Goal of the exercise:
What is needed is an exact copy of all the records below.

Provided material:
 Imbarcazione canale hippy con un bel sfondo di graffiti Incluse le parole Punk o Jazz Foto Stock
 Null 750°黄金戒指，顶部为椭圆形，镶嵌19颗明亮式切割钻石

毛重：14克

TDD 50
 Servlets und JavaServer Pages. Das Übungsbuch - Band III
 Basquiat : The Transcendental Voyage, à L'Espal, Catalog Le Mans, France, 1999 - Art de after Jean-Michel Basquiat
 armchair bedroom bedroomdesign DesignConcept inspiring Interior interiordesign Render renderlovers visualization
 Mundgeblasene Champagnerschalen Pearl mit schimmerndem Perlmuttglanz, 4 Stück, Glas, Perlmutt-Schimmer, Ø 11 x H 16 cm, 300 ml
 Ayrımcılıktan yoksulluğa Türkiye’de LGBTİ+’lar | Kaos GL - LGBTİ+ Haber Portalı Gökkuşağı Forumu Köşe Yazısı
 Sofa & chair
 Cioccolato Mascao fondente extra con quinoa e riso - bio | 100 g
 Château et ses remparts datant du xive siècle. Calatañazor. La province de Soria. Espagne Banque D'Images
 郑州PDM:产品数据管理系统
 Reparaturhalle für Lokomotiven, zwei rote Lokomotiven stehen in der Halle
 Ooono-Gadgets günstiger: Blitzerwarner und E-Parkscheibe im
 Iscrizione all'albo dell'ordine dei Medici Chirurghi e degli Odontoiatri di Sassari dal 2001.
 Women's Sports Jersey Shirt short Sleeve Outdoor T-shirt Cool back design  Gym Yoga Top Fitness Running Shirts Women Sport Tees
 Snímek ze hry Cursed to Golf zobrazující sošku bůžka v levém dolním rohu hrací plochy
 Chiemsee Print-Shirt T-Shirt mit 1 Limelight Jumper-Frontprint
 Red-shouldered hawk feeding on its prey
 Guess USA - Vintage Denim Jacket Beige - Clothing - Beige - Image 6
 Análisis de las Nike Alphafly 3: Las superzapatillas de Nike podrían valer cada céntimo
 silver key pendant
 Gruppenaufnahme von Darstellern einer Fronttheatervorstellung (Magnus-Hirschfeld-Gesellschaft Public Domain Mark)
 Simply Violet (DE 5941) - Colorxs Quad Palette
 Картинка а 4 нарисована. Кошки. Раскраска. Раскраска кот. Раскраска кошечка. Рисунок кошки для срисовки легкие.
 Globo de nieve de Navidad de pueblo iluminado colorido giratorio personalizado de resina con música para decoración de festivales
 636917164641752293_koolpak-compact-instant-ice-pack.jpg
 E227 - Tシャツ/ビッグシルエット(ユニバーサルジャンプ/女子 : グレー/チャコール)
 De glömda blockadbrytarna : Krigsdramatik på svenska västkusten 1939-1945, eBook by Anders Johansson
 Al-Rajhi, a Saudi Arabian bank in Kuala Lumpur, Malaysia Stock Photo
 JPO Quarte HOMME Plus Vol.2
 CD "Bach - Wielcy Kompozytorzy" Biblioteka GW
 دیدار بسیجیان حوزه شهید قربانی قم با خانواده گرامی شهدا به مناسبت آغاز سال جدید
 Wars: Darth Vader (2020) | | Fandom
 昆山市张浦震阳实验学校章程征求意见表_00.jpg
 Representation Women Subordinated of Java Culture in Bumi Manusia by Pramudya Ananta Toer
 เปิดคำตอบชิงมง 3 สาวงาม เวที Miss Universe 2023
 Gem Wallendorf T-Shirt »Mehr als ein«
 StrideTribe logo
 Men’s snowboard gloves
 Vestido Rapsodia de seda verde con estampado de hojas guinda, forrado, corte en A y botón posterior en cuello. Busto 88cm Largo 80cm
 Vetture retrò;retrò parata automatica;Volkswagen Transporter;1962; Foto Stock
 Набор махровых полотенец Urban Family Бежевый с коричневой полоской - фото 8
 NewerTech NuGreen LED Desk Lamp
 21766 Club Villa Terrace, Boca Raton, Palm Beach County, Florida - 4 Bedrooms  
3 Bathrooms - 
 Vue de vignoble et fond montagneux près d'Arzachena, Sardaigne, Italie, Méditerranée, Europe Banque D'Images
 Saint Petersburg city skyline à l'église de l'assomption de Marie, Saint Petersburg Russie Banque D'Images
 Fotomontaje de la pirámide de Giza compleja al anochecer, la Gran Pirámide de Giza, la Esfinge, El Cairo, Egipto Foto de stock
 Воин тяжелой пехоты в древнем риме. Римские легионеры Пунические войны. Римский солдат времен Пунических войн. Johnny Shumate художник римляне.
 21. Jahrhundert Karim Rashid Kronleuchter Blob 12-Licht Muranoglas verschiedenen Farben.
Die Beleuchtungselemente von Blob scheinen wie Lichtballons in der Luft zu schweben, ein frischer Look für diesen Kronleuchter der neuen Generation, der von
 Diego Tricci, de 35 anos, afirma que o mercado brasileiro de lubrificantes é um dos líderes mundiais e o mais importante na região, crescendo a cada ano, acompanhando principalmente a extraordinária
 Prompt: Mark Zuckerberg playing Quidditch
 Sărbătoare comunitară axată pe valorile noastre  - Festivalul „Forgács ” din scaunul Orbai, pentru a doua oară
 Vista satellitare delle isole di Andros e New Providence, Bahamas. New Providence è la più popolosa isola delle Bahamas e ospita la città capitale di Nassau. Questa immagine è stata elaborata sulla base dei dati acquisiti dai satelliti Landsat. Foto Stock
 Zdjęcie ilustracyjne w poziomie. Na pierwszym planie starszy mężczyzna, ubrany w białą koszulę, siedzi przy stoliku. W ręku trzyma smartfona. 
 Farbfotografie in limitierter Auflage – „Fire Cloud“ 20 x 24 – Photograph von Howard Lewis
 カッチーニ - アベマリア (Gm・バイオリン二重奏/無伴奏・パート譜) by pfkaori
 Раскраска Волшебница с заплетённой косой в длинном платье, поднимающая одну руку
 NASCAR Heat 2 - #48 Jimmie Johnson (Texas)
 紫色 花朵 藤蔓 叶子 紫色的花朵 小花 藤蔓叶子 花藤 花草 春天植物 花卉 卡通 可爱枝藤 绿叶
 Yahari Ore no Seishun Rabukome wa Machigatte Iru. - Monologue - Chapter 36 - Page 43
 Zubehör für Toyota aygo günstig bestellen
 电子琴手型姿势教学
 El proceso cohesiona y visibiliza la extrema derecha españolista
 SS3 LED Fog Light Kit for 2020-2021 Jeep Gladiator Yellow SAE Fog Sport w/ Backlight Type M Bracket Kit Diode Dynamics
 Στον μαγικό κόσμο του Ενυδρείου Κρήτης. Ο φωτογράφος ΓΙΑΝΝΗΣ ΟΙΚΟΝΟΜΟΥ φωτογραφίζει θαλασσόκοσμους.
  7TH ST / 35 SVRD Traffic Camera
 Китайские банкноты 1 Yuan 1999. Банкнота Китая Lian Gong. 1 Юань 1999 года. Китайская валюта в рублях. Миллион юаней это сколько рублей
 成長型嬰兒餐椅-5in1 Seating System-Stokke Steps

Answer for the task:
 Imbarcazione canale hippy con un bel sfondo di graffiti Incluse le parole Punk o Jazz Foto Stock
 Null 750°黄金戒指，顶部为椭圆形，镶嵌19颗明亮式切割钻石

毛重：14克

TDD 50
 Servlets und JavaServer Pages. Das Übungsbuch - Band III
 Basquiat : The Transcendental Voyage, à L'Espal, Catalog Le Mans, France, 1999 - Art de after Jean-Michel Basquiat
 armchair bedroom bedroomdesign DesignConcept inspiring Interior interiordesign Render renderlovers visualization
 Mundgeblasene Champagnerschalen Pearl mit schimmerndem Perlmuttglanz, 4 Stück, Glas, Perlmutt-Schimmer, Ø 11 x H 16 cm, 300 ml
 Ayrımcılıktan yoksulluğa Türkiye’de LGBTİ+’lar | Kaos GL - LGBTİ+ Haber Portalı Gökkuşağı Forumu Köşe Yazısı
 Sofa & chair
 Cioccolato Mascao fondente extra con quinoa e riso - bio | 100 g
 Château et ses remparts datant du xive siècle. Calatañazor. La province de Soria. Espagne Banque D'Images
 郑州PDM:产品数据管理系统
 Reparaturhalle für Lokomotiven, zwei rote Lokomotiven stehen in der Halle
 Ooono-Gadgets günstiger: Blitzerwarner und E-Parkscheibe im
 Iscrizione all'albo dell'ordine dei Medici Chirurghi e degli Odontoiatri di Sassari dal 2001.
 Women's Sports Jersey Shirt short Sleeve Outdoor T-shirt Cool back design  Gym Yoga Top Fitness Running Shirts Women Sport Tees
 Snímek ze hry Cursed to Golf zobrazující sošku bůžka v levém dolním rohu hrací plochy
 Chiemsee Print-Shirt T-Shirt mit 1 Limelight Jumper-Frontprint
 Red-shouldered hawk feeding on its prey
 Guess USA - Vintage Denim Jacket Beige - Clothing - Beige - Image 6
 Análisis de las Nike Alphafly 3: Las superzapatillas de Nike podrían valer cada céntimo
 silver key pendant
 Gruppenaufnahme von Darstellern einer Fronttheatervorstellung (Magnus-Hirschfeld-Gesellschaft Public Domain Mark)
 Simply Violet (DE 5941) - Colorxs Quad Palette
 Картинка а 4 нарисована. Кошки. Раскраска. Раскраска кот. Раскраска кошечка. Рисунок кошки для срисовки легкие.
 Globo de nieve de Navidad de pueblo iluminado colorido giratorio personalizado de resina con música para decoración de festivales
 636917164641752293_koolpak-compact-instant-ice-pack.jpg
 E227 - Tシャツ/ビッグシルエット(ユニバーサルジャンプ/女子 : グレー/チャコール)
 De glömda blockadbrytarna : Krigsdramatik på svenska västkusten 1939-1945, eBook by Anders Johansson
 Al-Rajhi, a Saudi Arabian bank in Kuala Lumpur, Malaysia Stock Photo
 JPO Quarte HOMME Plus Vol.2
 CD "Bach - Wielcy Kompozytorzy" Biblioteka GW
 دیدار بسیجیان حوزه شهید قربانی قم با خانواده گرامی شهدا به مناسبت آغاز سال جدید
 Wars: Darth Vader (2020) | | Fandom
 昆山市张浦震阳实验学校章程征求意见表_00.jpg
 Representation Women Subordinated of Java Culture in Bumi Manusia by Pramudya Ananta Toer
 เปิดคำตอบชิงมง 3 สาวงาม เวที Miss Universe 2023
 Gem Wallendorf T-Shirt »Mehr als ein«
 StrideTribe logo
 Men’s snowboard gloves
 Vestido Rapsodia de seda verde con estampado de hojas guinda, forrado, corte en A y botón posterior en cuello. Busto 88cm Largo 80cm
 Vetture retrò;retrò parata automatica;Volkswagen Transporter;1962; Foto Stock
 Набор махровых полотенец Urban Family Бежевый с коричневой полоской - фото 8
 NewerTech NuGreen LED Desk Lamp
 21766 Club Villa Terrace, Boca Raton, Palm Beach County, Florida - 4 Bedrooms  
3 Bathrooms - 
 Vue de vignoble et fond montagneux près d'Arzachena, Sardaigne, Italie, Méditerranée, Europe Banque D'Images
 Saint Petersburg city skyline à l'église de l'assomption de Marie, Saint Petersburg Russie Banque D'Images
 Fotomontaje de la pirámide de Giza compleja al anochecer, la Gran Pirámide de Giza, la Esfinge, El Cairo, Egipto Foto de stock
 Воин тяжелой пехоты в древнем риме. Римские легионеры Пунические войны. Римский солдат времен Пунических войн. Johnny Shumate художник римляне.
 21. Jahrhundert Karim Rashid Kronleuchter Blob 12-Licht Muranoglas verschiedenen Farben.
Die Beleuchtungselemente von Blob scheinen wie Lichtballons in der Luft zu schweben, ein frischer Look für diesen Kronleuchter der neuen Generation, der von
 Diego Tricci, de 35 anos, afirma que o mercado brasileiro de lubrificantes é um dos líderes mundiais e o mais importante na região, crescendo a cada ano, acompanhando principalmente a extraordinária
 Prompt: Mark Zuckerberg playing Quidditch
 Sărbătoare comunitară axată pe valorile noastre  - Festivalul „Forgács ” din scaunul Orbai, pentru a doua oară
 Vista satellitare delle isole di Andros e New Providence, Bahamas. New Providence è la più popolosa isola delle Bahamas e ospita la città capitale di Nassau. Questa immagine è stata elaborata sulla base dei dati acquisiti dai satelliti Landsat. Foto Stock
 Zdjęcie ilustracyjne w poziomie. Na pierwszym planie starszy mężczyzna, ubrany w białą koszulę, siedzi przy stoliku. W ręku trzyma smartfona. 
 Farbfotografie in limitierter Auflage – „Fire Cloud“ 20 x 24 – Photograph von Howard Lewis
 カッチーニ - アベマリア (Gm・バイオリン二重奏/無伴奏・パート譜) by pfkaori
 Раскраска Волшебница с заплетённой косой в длинном платье, поднимающая одну руку
 NASCAR Heat 2 - #48 Jimmie Johnson (Texas)
 紫色 花朵 藤蔓 叶子 紫色的花朵 小花 藤蔓叶子 花藤 花草 春天植物 花卉 卡通 可爱枝藤 绿叶
 Yahari Ore no Seishun Rabukome wa Machigatte Iru. - Monologue - Chapter 36 - Page 43
 Zubehör für Toyota aygo günstig bestellen
 电子琴手型姿势教学
 El proceso cohesiona y visibiliza la extrema derecha españolista
 SS3 LED Fog Light Kit for 2020-2021 Jeep Gladiator Yellow SAE Fog Sport w/ Backlight Type M Bracket Kit Diode Dynamics
 Στον μαγικό κόσμο του Ενυδρείου Κρήτης. Ο φωτογράφος ΓΙΑΝΝΗΣ ΟΙΚΟΝΟΜΟΥ φωτογραφίζει θαλασσόκοσμους.
  7TH ST / 35 SVRD Traffic Camera
 Китайские банкноты 1 Yuan 1999. Банкнота Китая Lian Gong. 1 Юань 1999 года. Китайская валюта в рублях. Миллион юаней это сколько рублей
 成長型嬰兒餐椅-5in1 Seating System-Stokke Steps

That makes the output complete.